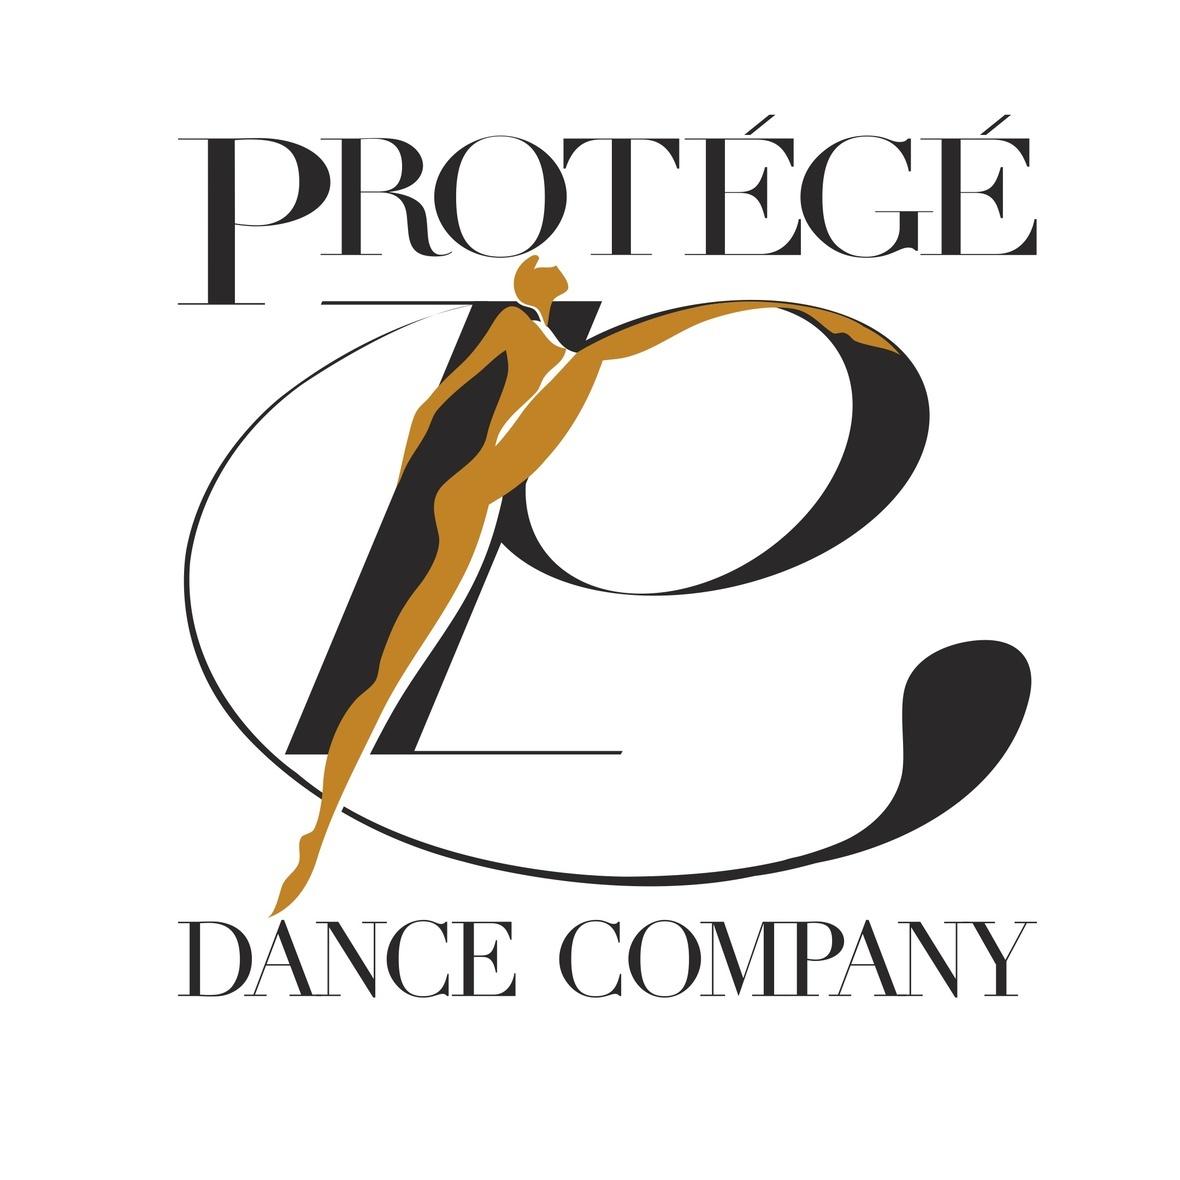 Protege Dance Company Logo
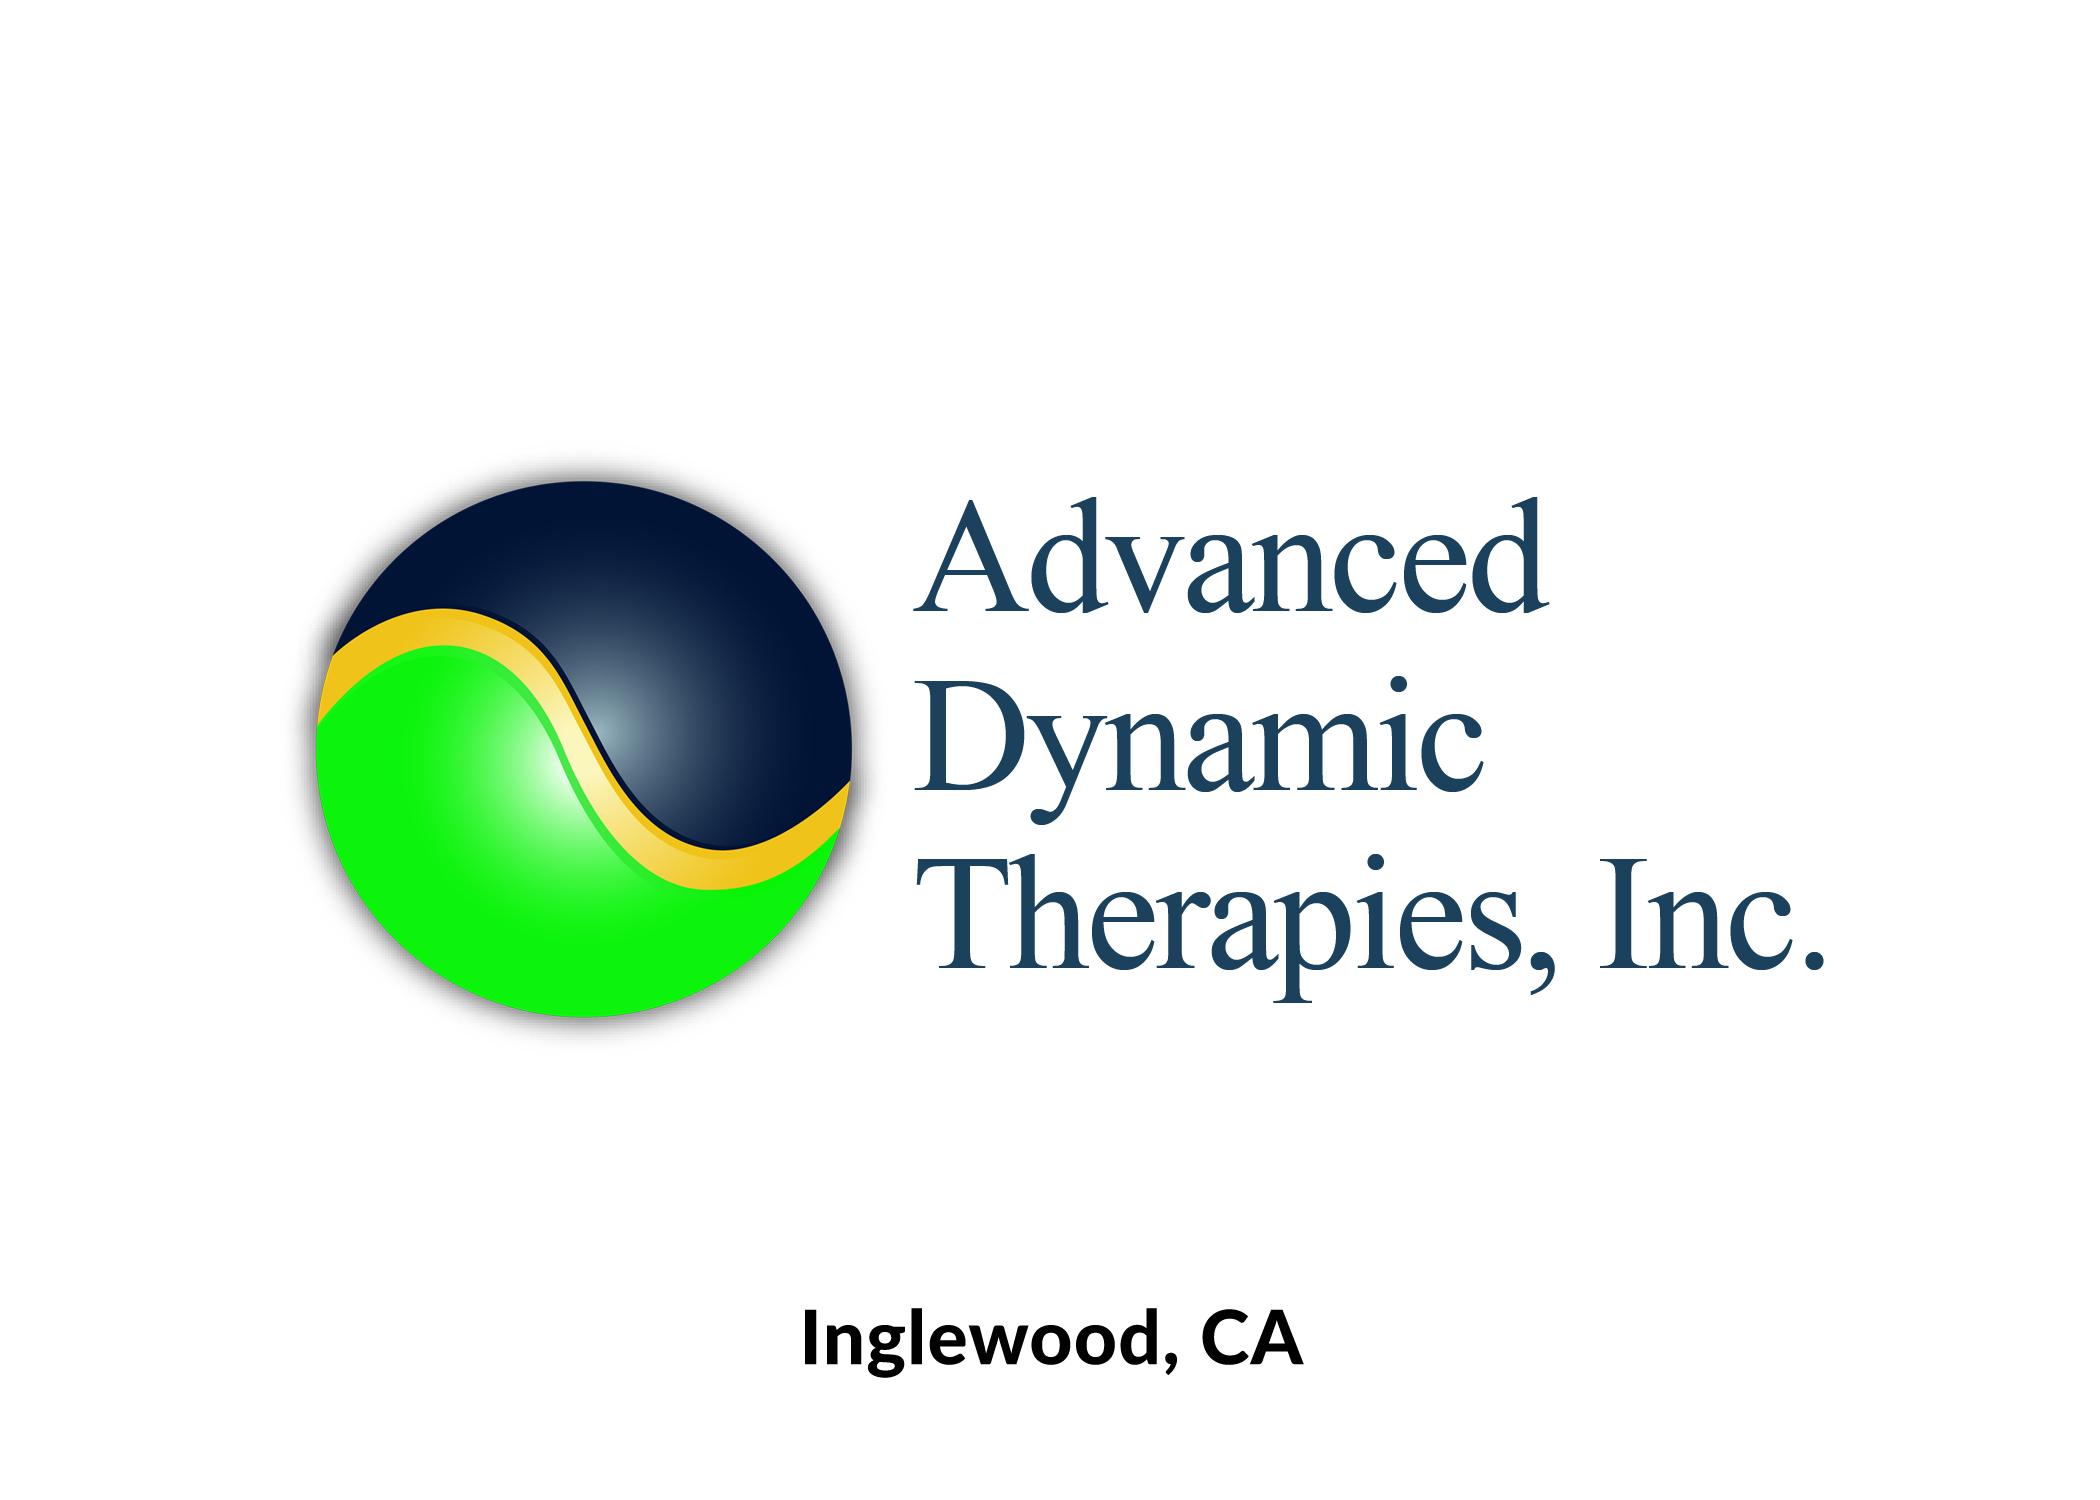 AdvancedDynamic_allcore_logo.jpg
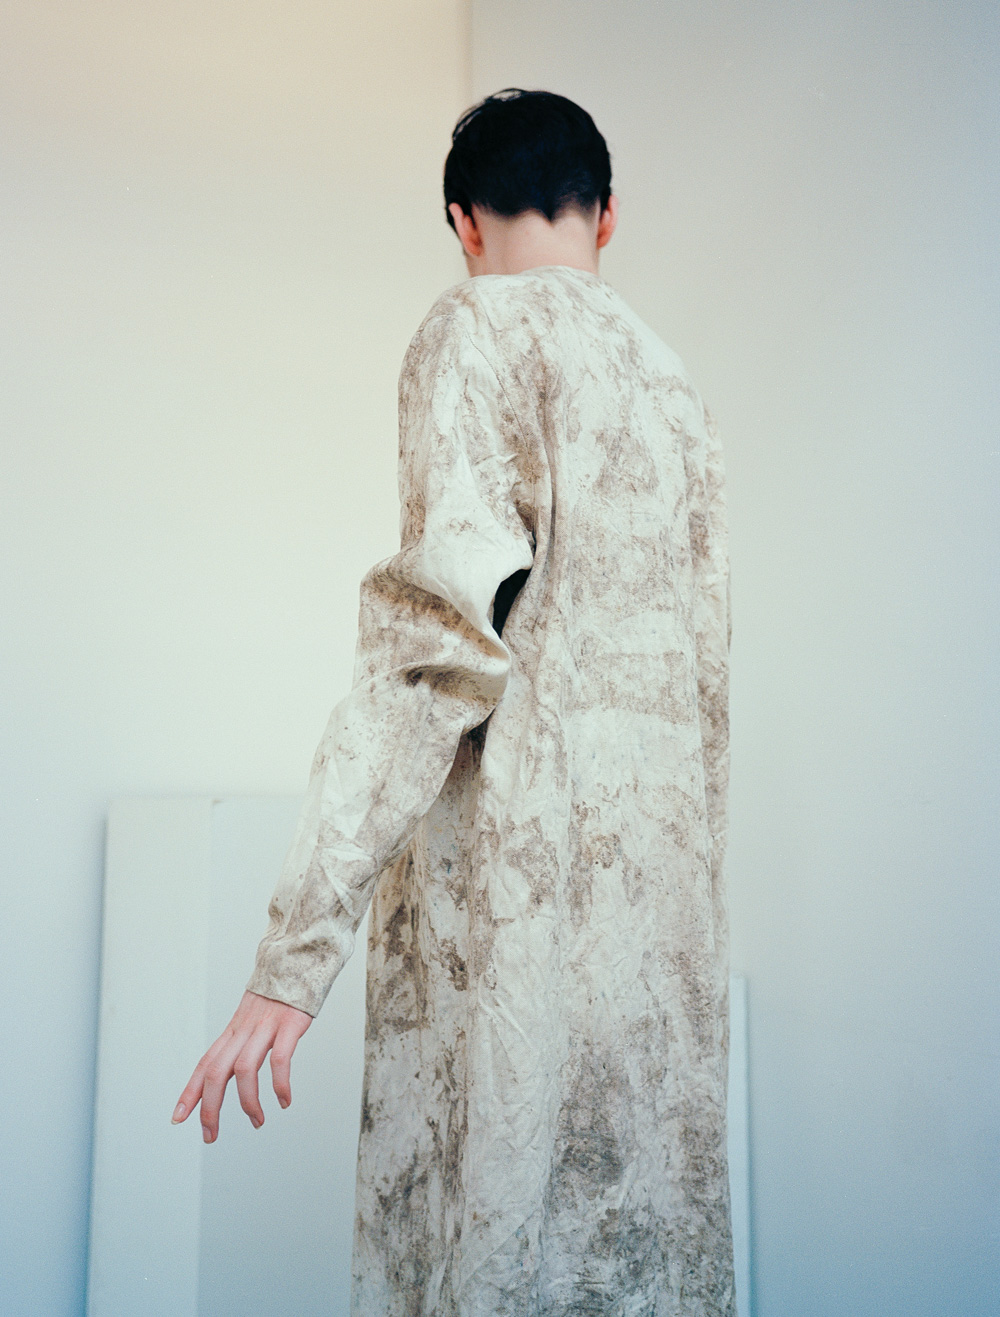 Yifei-Liu-7-2.jpg

• • • • •

*About this task:* Each line above should be set down exactly as written, with pictures excluded.

*Exercise output:*
 Protege Dance Company Logo
 AdvancedDynamic_allcore_logo.jpg
 Yifei-Liu-7-2.jpg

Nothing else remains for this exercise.